Yet another reason pregnant women should avoid this medication, experts say
WEDNESDAY, Dec. 3 (HealthDay News) -- Women taking the epilepsy drug valproate while pregnant are at increased risk of delivering a child who develops autism.
The British findings, appearing in the Dec. 2 issue of Neurology, add to previous research showing that valproate and other anti-epilepsy drugs can contribute to birth defects (particularly neural tube defects).
"There's a fair amount of early data that indicates, for instance, that valproate may cause neural tube closure problems. That's an indication that valproate affects brain development," said Dr. Michel Berg, medical director of the Strong Epilepsy Center at the University of Rochester Medical Center. "That's an indication that valproate affects brain development. It's not surprising that it might affect other aspects of brain development."

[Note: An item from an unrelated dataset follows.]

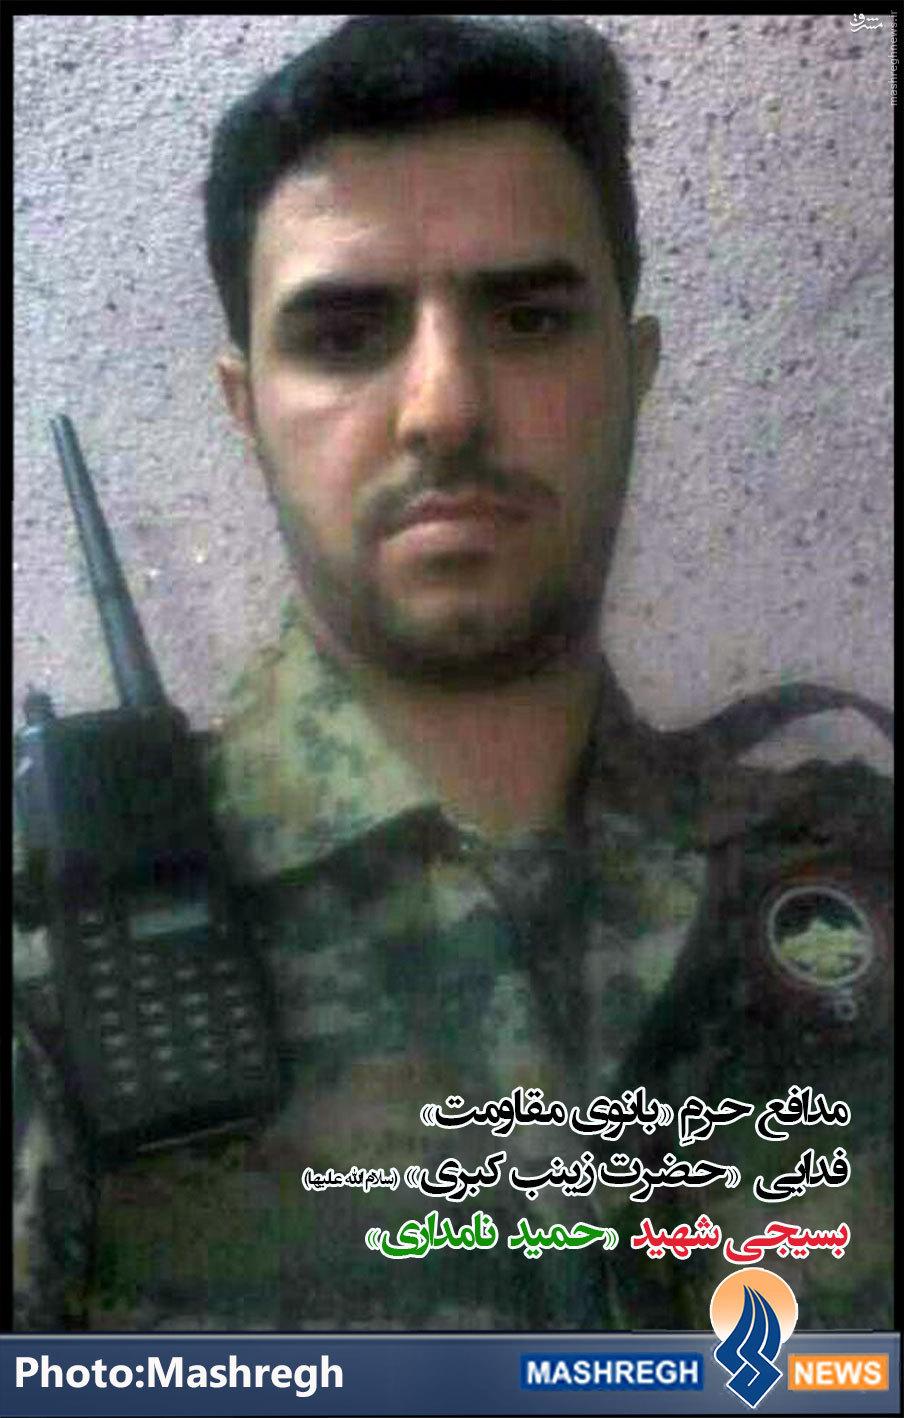 شهدای «عملیات محرم» با «نامداری» به 45 نفر رسید+تصاویر

Physicians are already cautious about prescribing valproate and other drugs to pregnant women or women planning to become pregnant, however.
"I don't think this will change practice dramatically," said Dr. Jeffrey P. Brosco, an associate professor of clinical pediatrics at the University of Miami Miller School of Medicine and director of clinical services at the Mailman Center for Child Development in Miami. "This reaffirms that there is a lot of reason to try to avoid this drug if there is another available."
Reassuringly, added Berg, the study did not seem to find a substantial increase in the development of autism spectrum disorders among the children of women who had taken another anti-seizure drug, lamotrigine (brand name Lamictal), while pregnant.
Drugs for this condition have encountered other problems. Previous studies have also found that pregnant women who use the epilepsy drug topiramate (brand name Topamax) alone or in combination with other epilepsy drugs may be increasing their risk of birth defects. And the U.S. Food and Drug Administration recently considered, but eventually rejected, adding a black-box warning that anti-seizure drugs can increase suicidal tendencies in patients.
The current paper is part of an ongoing study by the Liverpool and Manchester Neurodevelopment Group in Britain looking at the effects of anti-epileptic drugs in pregnant women.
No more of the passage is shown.